*ASSIGNMENT*
Which lines have the string "производителя"? Copy all of them from the entries below.

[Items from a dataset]
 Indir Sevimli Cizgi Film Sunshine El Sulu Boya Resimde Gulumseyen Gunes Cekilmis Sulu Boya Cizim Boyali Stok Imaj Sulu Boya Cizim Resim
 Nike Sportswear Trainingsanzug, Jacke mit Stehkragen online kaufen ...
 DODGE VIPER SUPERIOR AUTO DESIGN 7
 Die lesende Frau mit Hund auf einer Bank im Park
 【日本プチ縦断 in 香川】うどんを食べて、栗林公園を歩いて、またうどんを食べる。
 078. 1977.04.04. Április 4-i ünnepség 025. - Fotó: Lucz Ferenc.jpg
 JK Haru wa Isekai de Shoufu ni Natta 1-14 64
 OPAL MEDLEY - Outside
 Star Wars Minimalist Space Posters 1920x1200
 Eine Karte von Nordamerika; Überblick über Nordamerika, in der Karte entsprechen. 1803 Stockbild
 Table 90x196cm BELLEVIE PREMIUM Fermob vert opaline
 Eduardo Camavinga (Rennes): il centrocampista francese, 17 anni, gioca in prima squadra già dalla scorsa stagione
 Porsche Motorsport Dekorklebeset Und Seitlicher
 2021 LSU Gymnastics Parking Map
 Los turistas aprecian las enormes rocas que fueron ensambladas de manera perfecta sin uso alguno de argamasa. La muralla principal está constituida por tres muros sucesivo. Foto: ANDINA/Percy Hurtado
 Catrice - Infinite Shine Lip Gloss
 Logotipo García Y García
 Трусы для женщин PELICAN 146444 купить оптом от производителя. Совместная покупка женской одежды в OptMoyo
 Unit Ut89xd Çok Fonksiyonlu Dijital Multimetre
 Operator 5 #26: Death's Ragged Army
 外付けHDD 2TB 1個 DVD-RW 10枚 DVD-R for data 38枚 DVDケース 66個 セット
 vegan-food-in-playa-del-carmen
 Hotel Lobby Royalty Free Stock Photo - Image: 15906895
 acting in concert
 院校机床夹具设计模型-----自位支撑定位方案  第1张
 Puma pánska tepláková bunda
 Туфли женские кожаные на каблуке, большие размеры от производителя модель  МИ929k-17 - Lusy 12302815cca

*RESPONSE TO THIS EXERCISE*
 Трусы для женщин PELICAN 146444 купить оптом от производителя. Совместная покупка женской одежды в OptMoyo
 Туфли женские кожаные на каблуке, большие размеры от производителя модель  МИ929k-17 - Lusy 12302815cca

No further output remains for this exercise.